== PROMPT ==
Retype, word for word, each line between the lines holding "Sticker Badge Decal" and "Solution:-0.07079561044 as a", inclusive, and leave the rest of the data alone.

== DATA TO EXAMINE ==
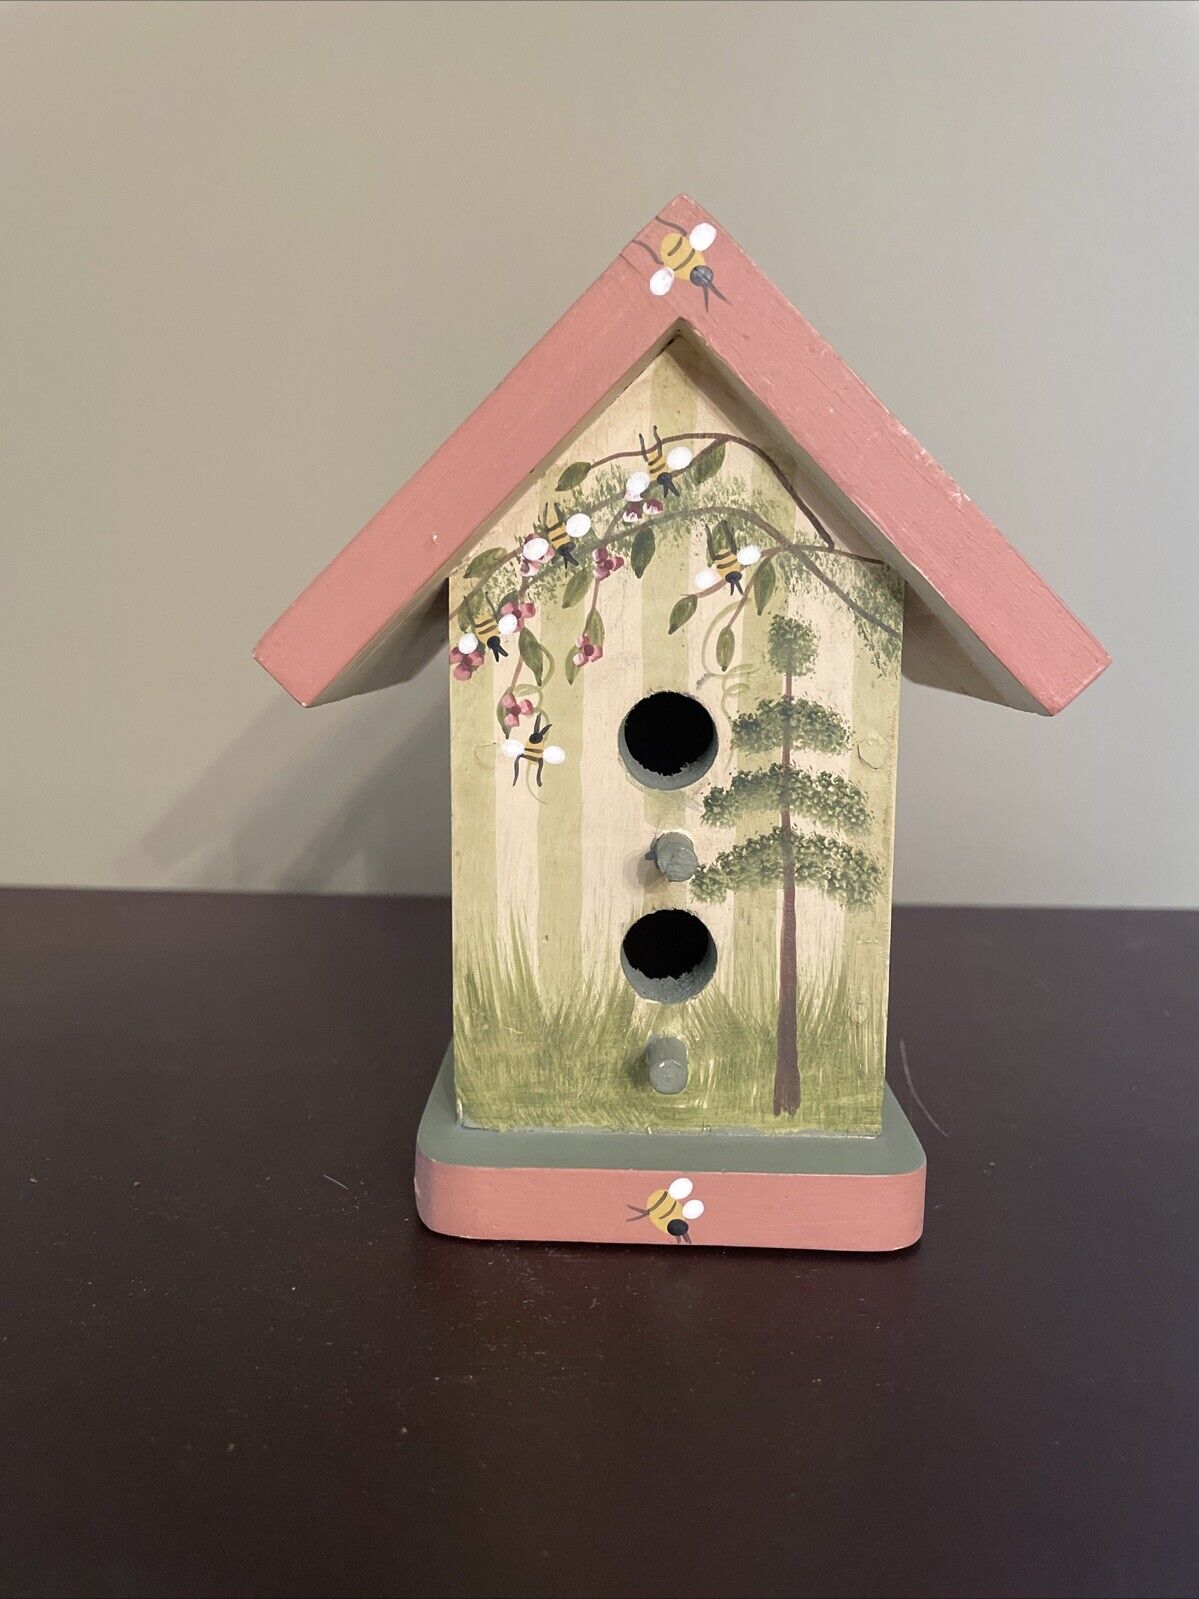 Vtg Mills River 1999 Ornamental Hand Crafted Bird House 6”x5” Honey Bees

==

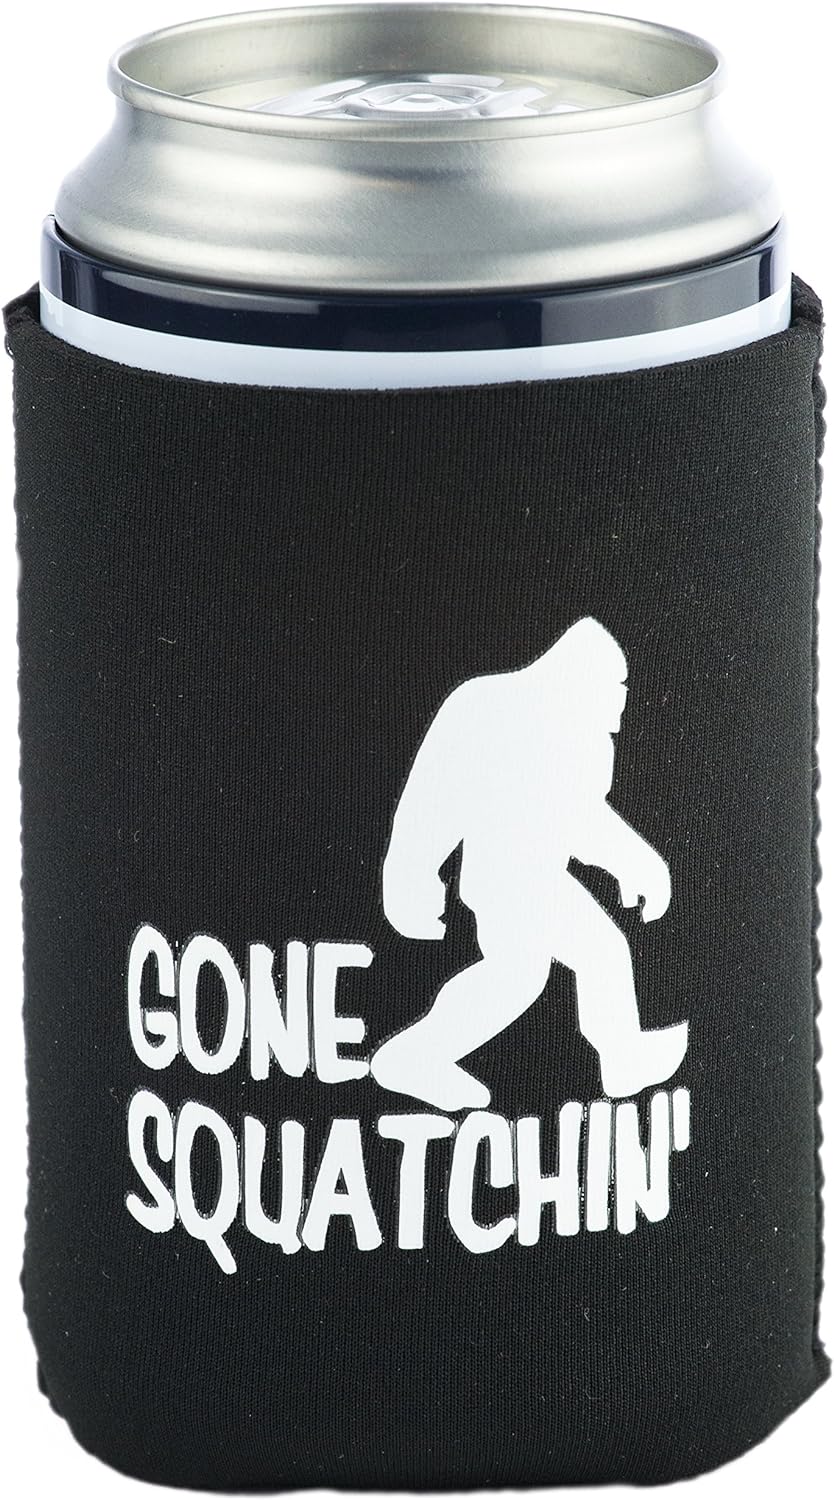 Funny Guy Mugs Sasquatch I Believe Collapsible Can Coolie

==

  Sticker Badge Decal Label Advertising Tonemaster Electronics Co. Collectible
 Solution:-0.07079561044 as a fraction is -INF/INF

== TASK SOLUTION ==
  Sticker Badge Decal Label Advertising Tonemaster Electronics Co. Collectible
 Solution:-0.07079561044 as a fraction is -INF/INF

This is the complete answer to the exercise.